GIVEN DATA:
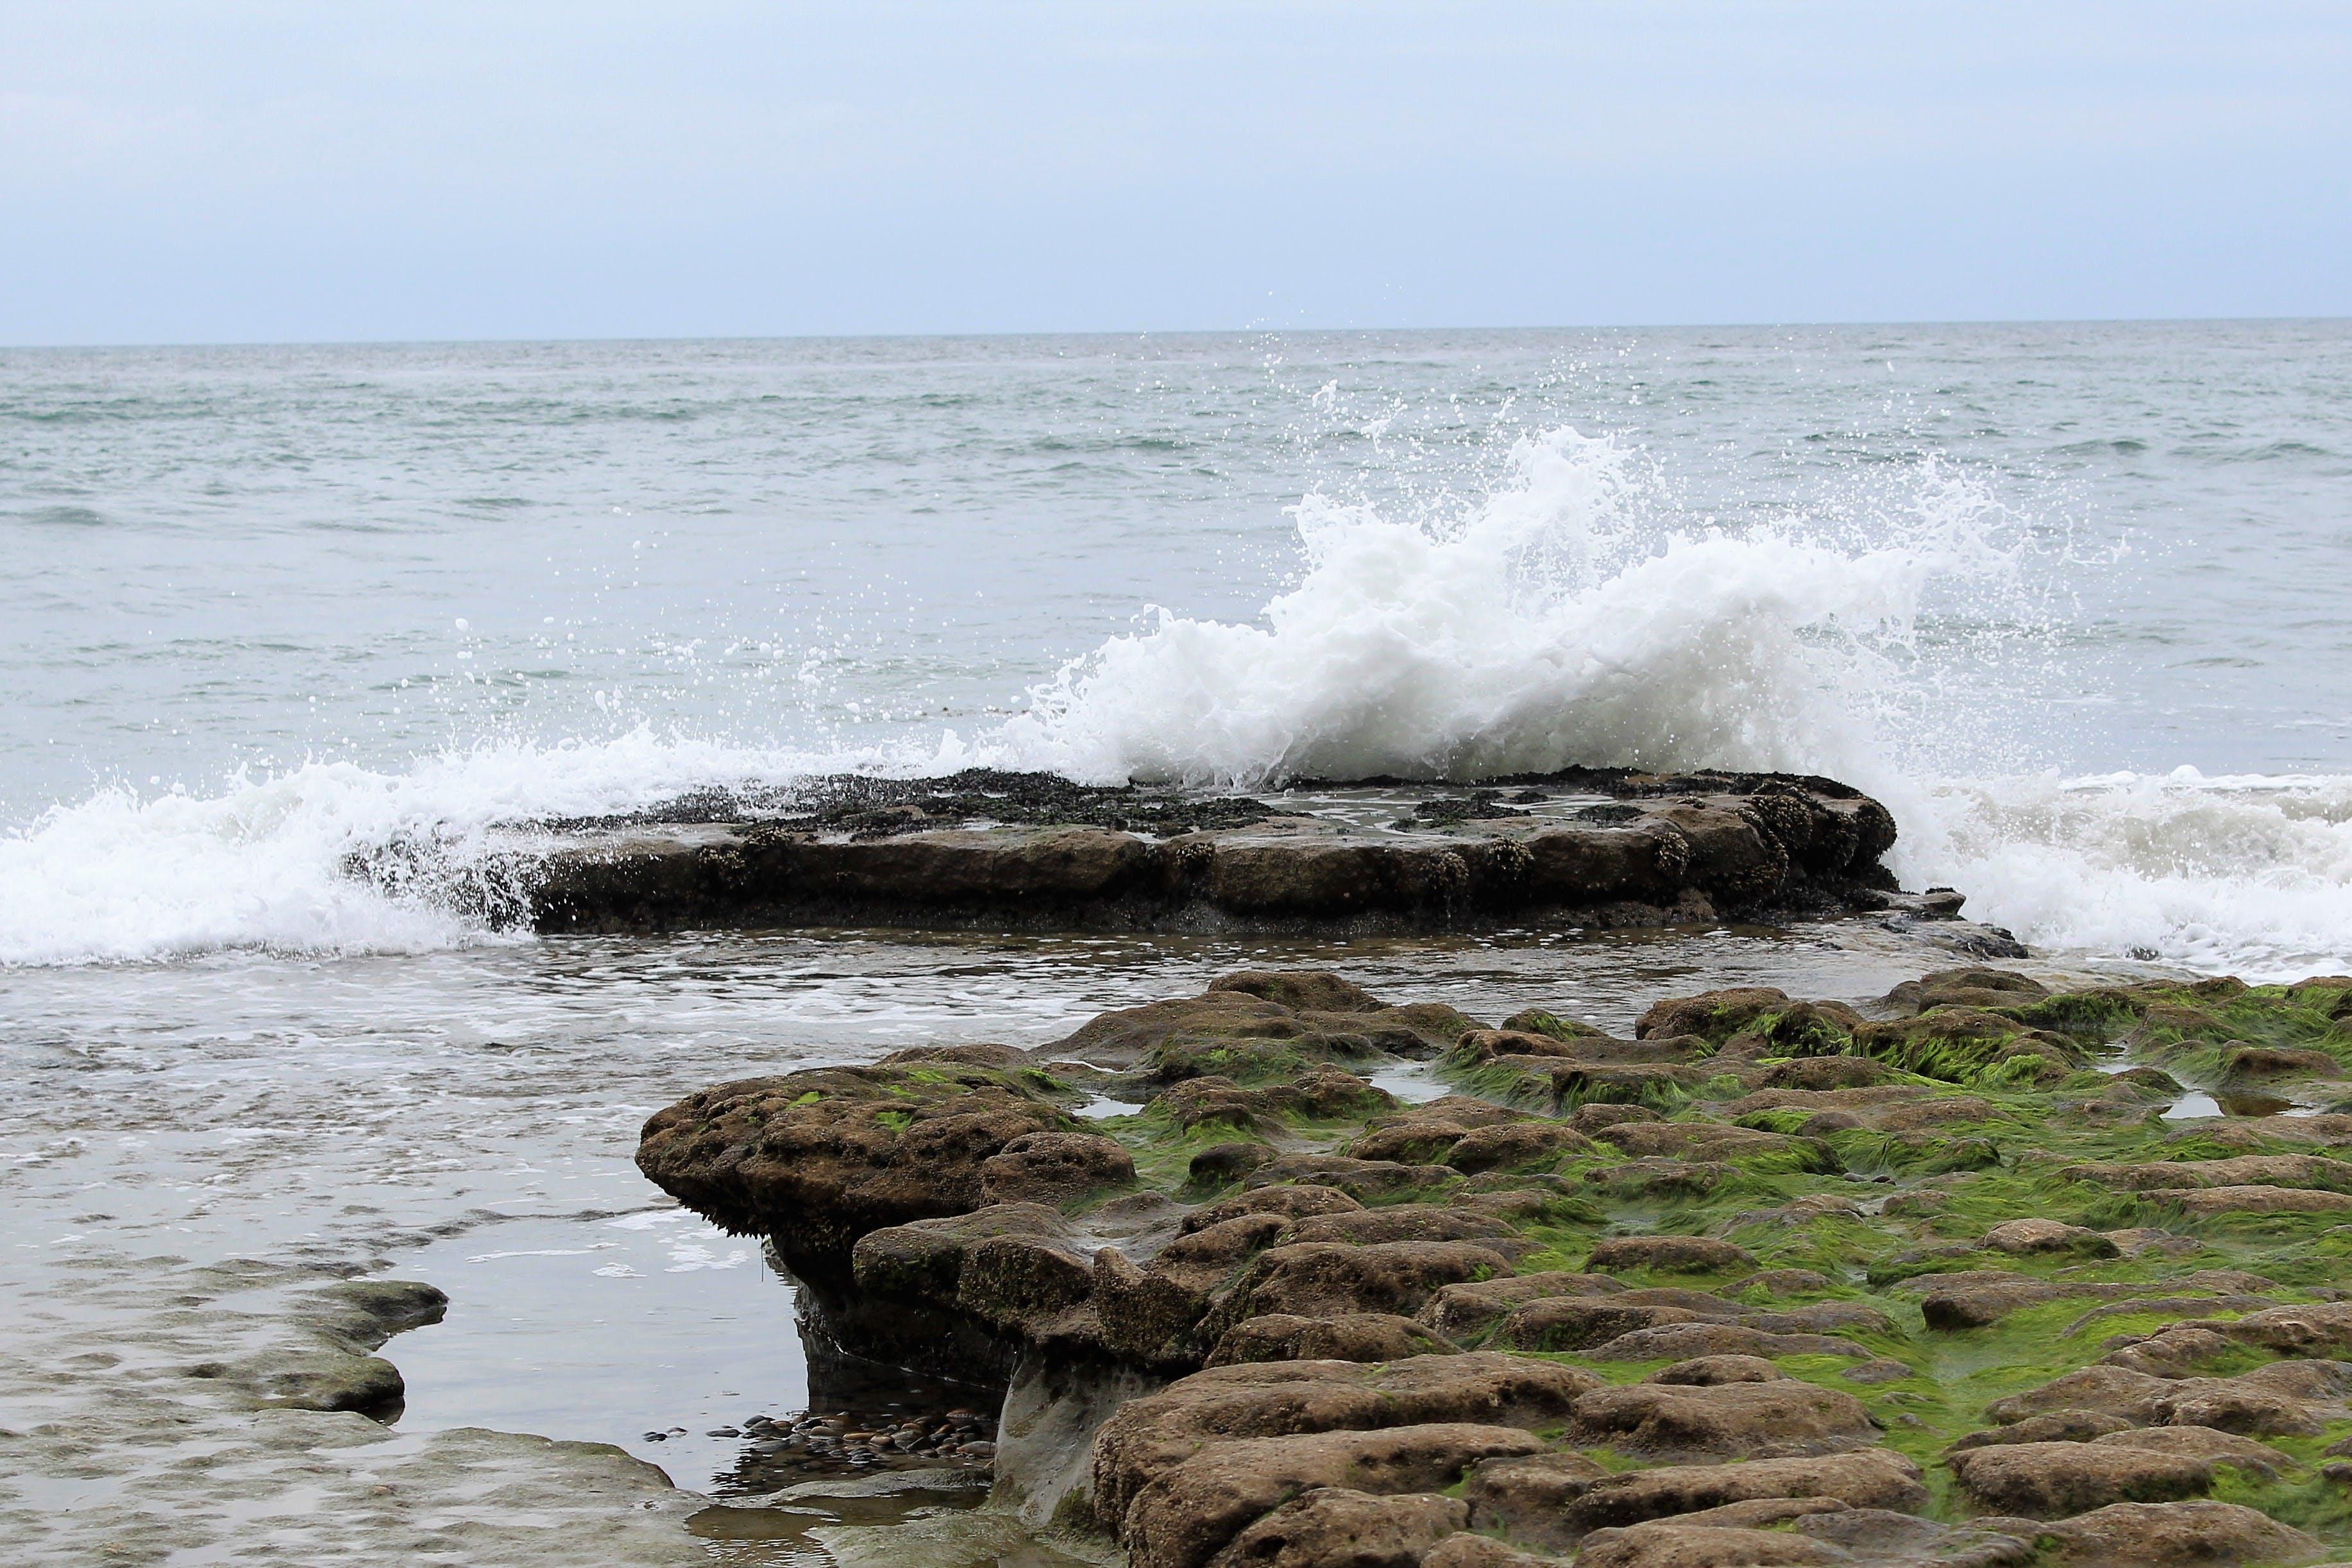 Kostenloses Stock Foto zu strand, surfen, welle, wellenbrechen
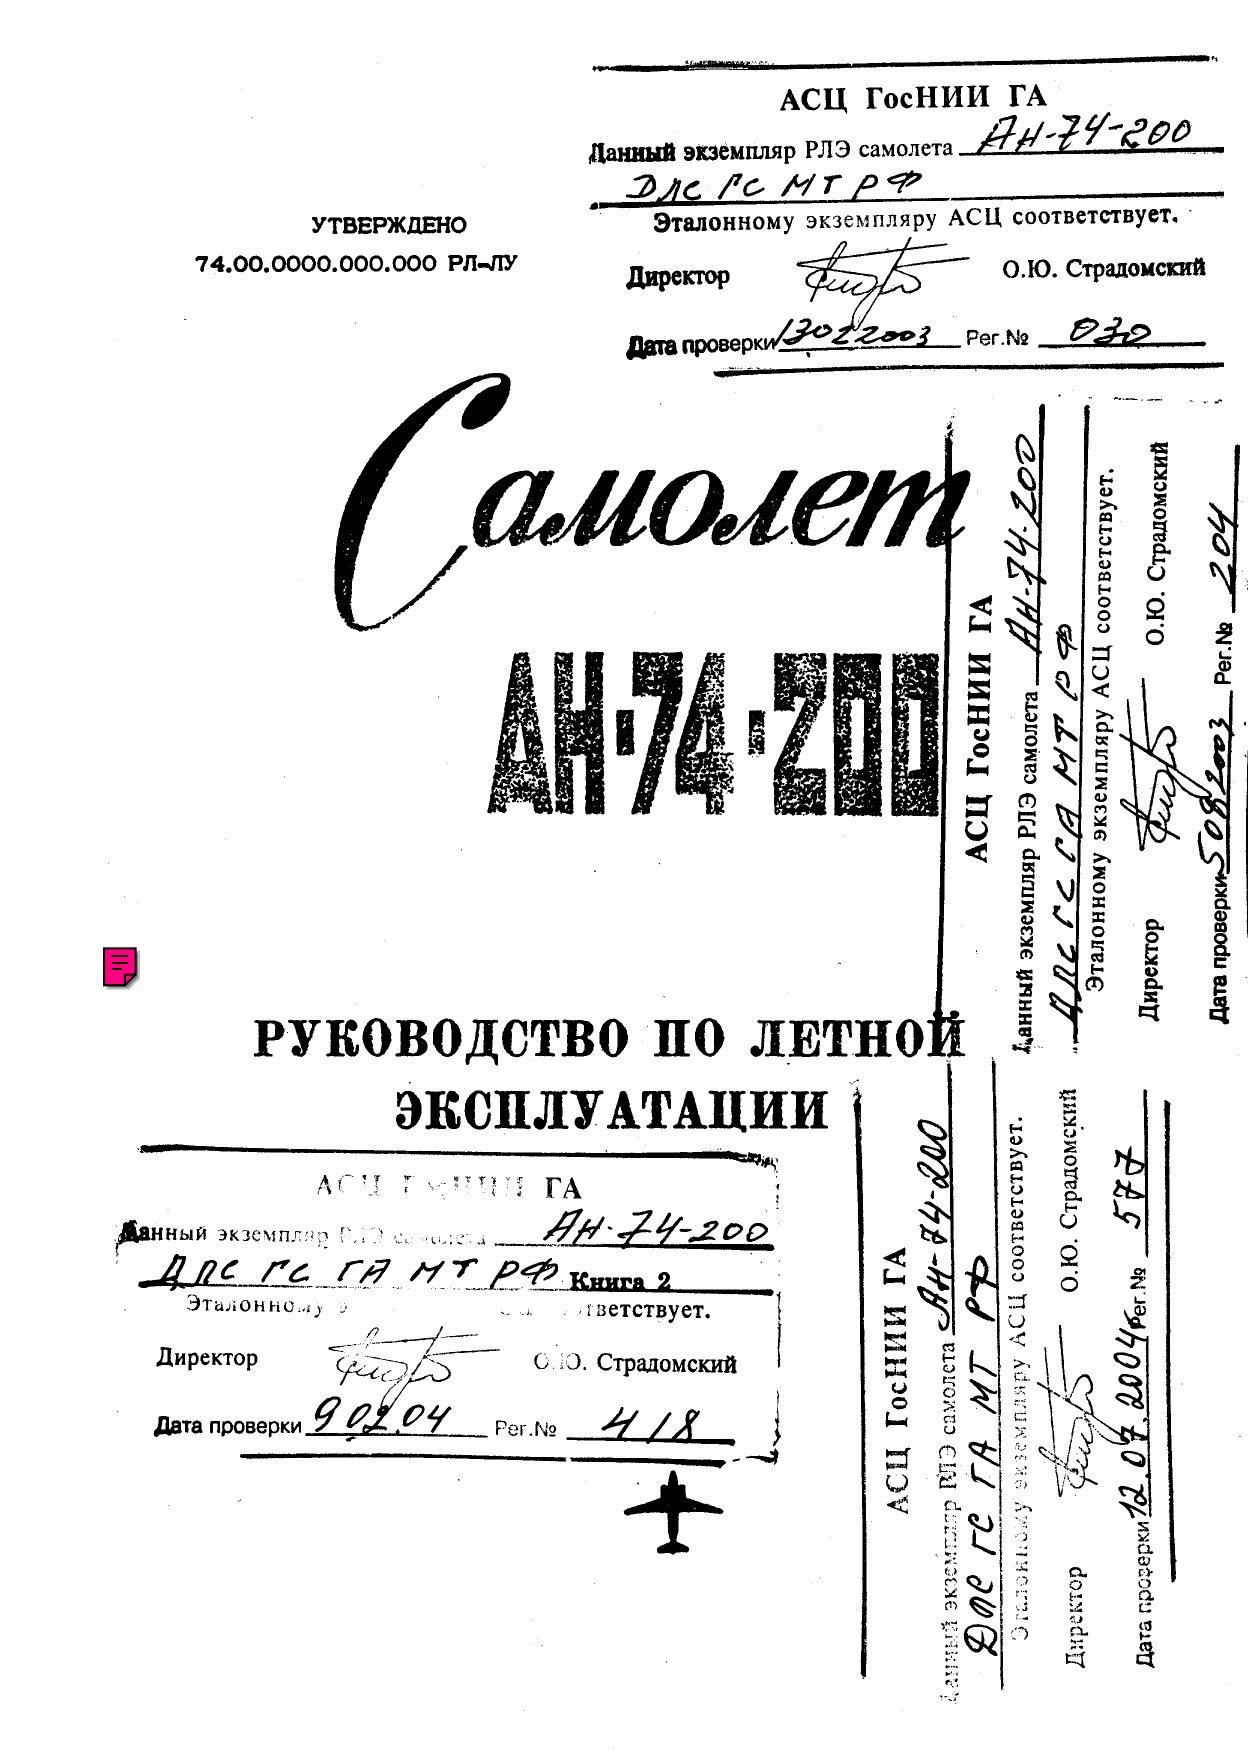 Обложка книги Самолет Ан-74-200. Руководство по летной эксплуатации. Книга 2 (Страдомский О.Ю.)
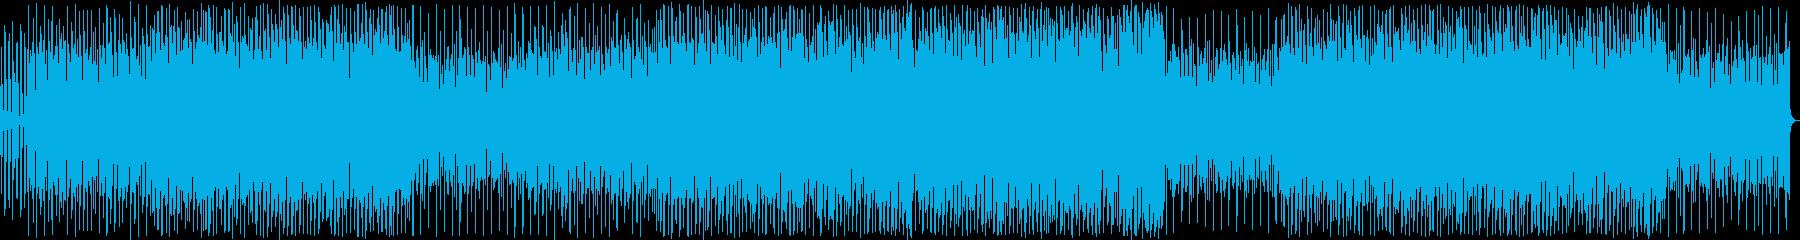 バイオリンの旋律が印象的なハウストラックの再生済みの波形

EXERCISE DESCRIPTION:
Give the data again exactly as written, with all pictures left out.

SOLUTION BELOW:
 Kostenloses Stock Foto zu strand, surfen, welle, wellenbrechen
 Обложка книги Самолет Ан-74-200. Руководство по летной эксплуатации. Книга 2 (Страдомский О.Ю.)
 バイオリンの旋律が印象的なハウストラックの再生済みの波形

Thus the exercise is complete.